J. McLeod and his colleagues (J. Neurol Sci 1976; 27:438- 443) examined
18 recovered GBS patients and found that half of them had objective residual
neurological abnormalities. Even then these residual abnormalities were
considered to be significant in only four patients. Fatigue in this group
of patients was not mentioned. In another study Burrows and Cuetter (1990)
reported on four patients who had made an apparently complete recovery in
terms of muscle strength and yet had longstanding residual loss of stamina.
They were all armed forces personnel who had been assessed using the Army
Physical Fitness Test (APFT), a quantitative measure of neuromuscular endurance,
prior to their illness. Each suffered from GBS of moderate severity and
each was judged to have made a full recovery in terms of muscle strength
assessed during neurological examination. However, the APFT had not returned
to the former level 1.2-4 years after the acute illness. A recent important
paper from Dr. I.S.J. Merkies and colleagues in Holland (Neurology 1999;
53:1648-1654) has established that residual effects from GBS are much more
common than has been generally reposed and that seemingly minor neurologic
abnormalities may still result in annoying disabilities. The study used
a validated index of fatigue severity to assess residual disability. It
included 83 patients who had suffered from GBS an average of five years
previously. About 80% of these patients experienced fatigue that was considered
severe enough to interfere with their life despite the fad that the majority
had normal strength or only minor weakness. They noted also that the fatigue
did not seem to improve over time; the fatigue index score was the same
in patients in whom many years had elapsed as it was in patients whose acute
illness had occurred only 6-12 months previously. This paper provides sound
scientific support for the validity of the observations of my patients who
regularly complain of fatigue even when they have returned to all or most
of their former activities and who are working full time at their former
jobs. Although their strength maybe normal when they are examined in the
doctor's office they are clearly unable to sustain the same level of physical
activity that they had performed prior to their GBS.
Although it is my impression that residual fatigue is much more common than has been generally appreciated I am surprised by the numbers reported by the researchers from the Netherlands.
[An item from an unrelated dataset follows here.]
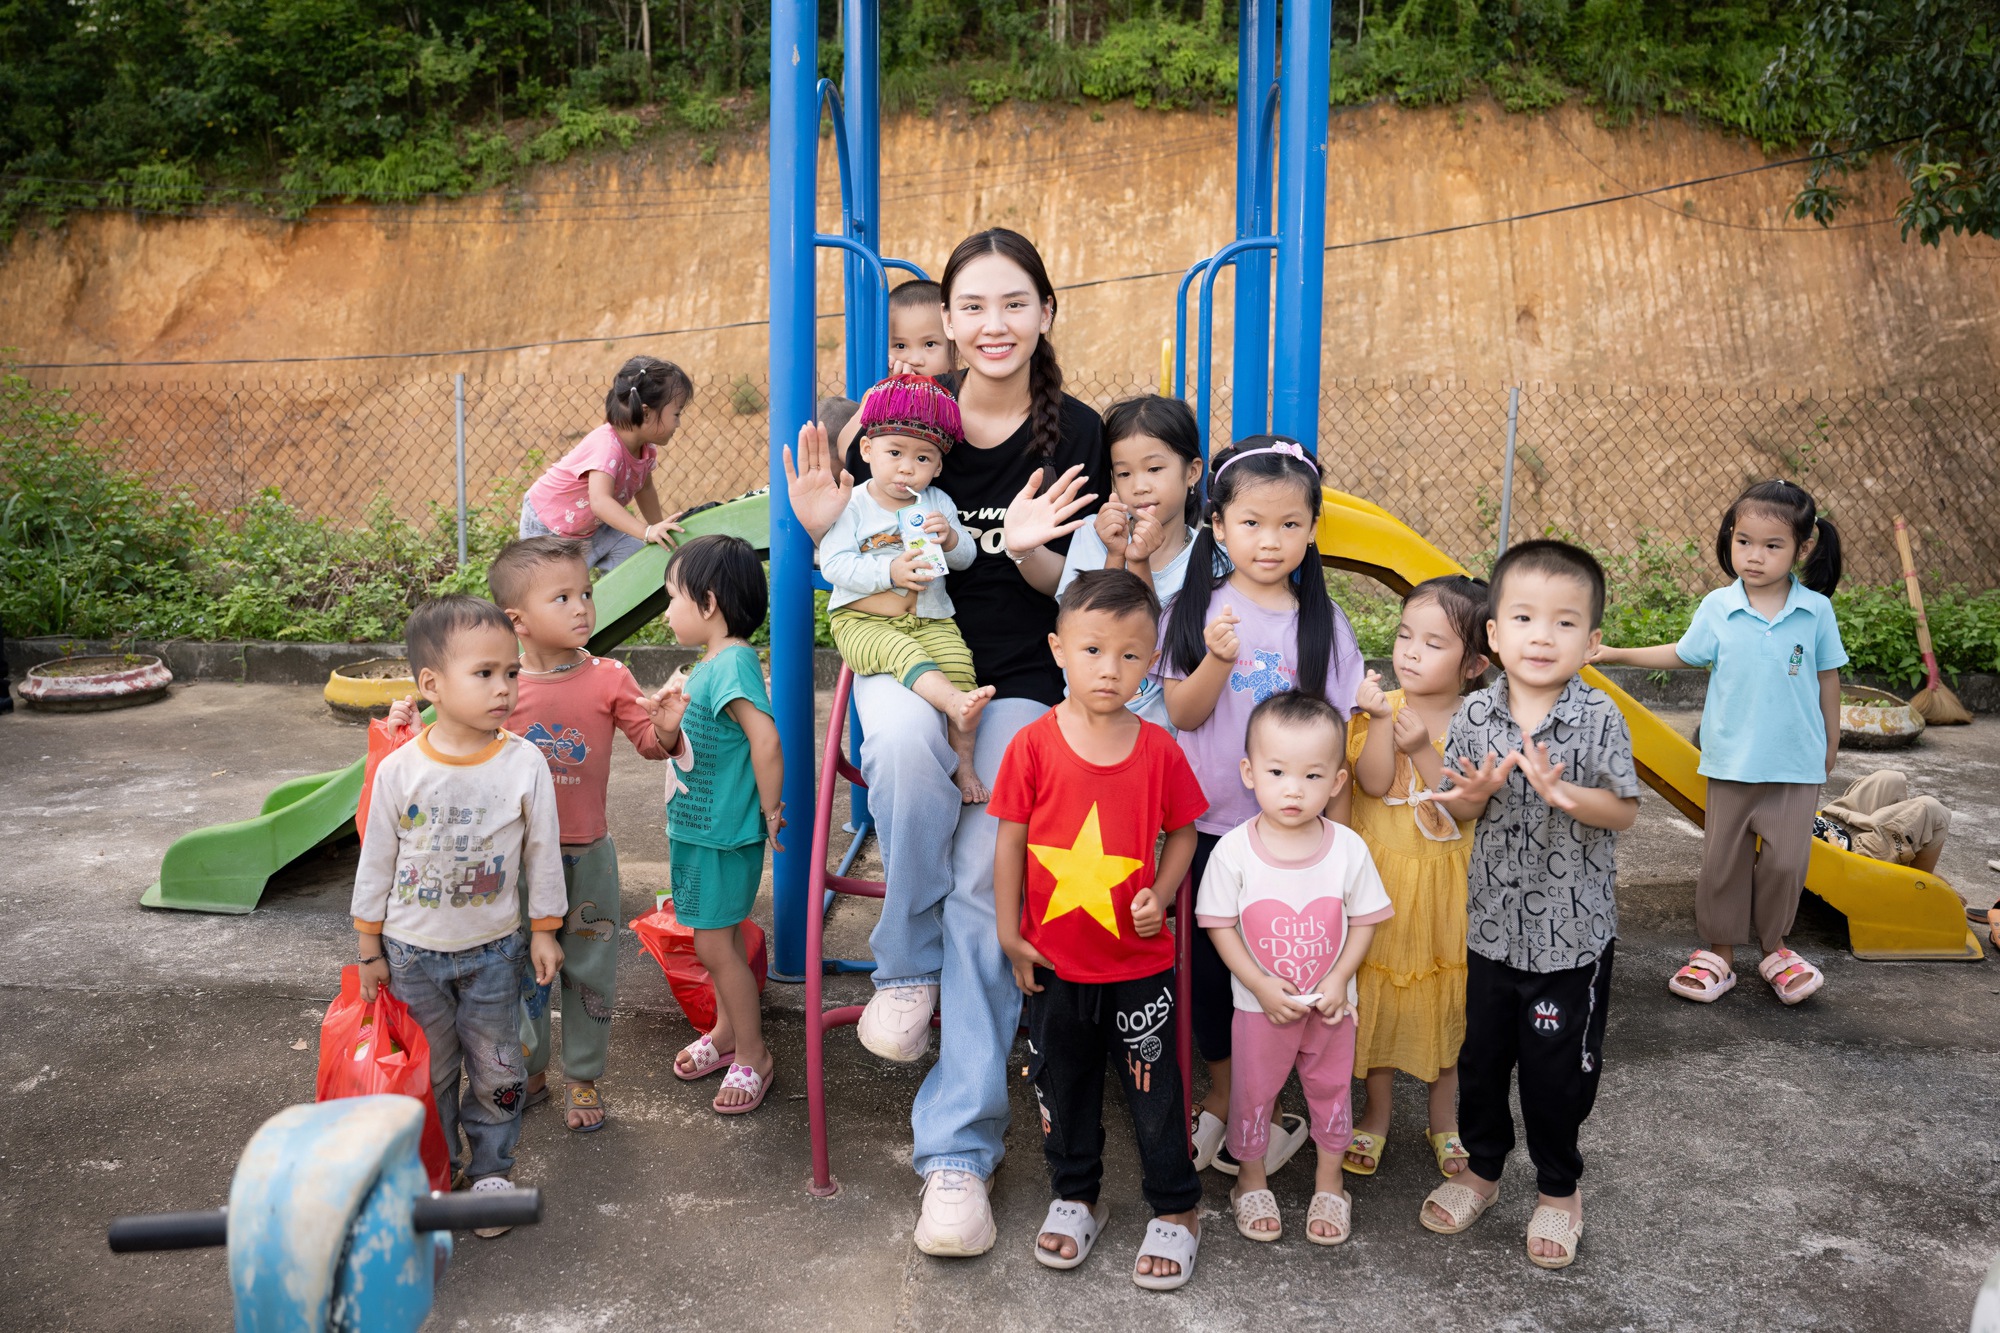 Hoa hậu Mai Phương đến thăm và tặng quà cho học sinh nghèo Bắc Kạn nhân dịp khai giảng - Ảnh 14.

I, therefore, feel that it is important to try to reproduce these results and I am currently planning a study of residual fatigue in GBS patients. I will use the same fatigue index that was used by the Dutch group as well as other measures of overall quality of life. More research is also needed to discover an effective treatment for this residual fatigue. A number of physical and pharmacological strategies have been shown to be effective in patients with multiple sclerosis, another neurological disorder in which fatigue is a major cause of disability. We need to take a leaf from their book and try some of these same strategies in GBS patients with residual fatigue.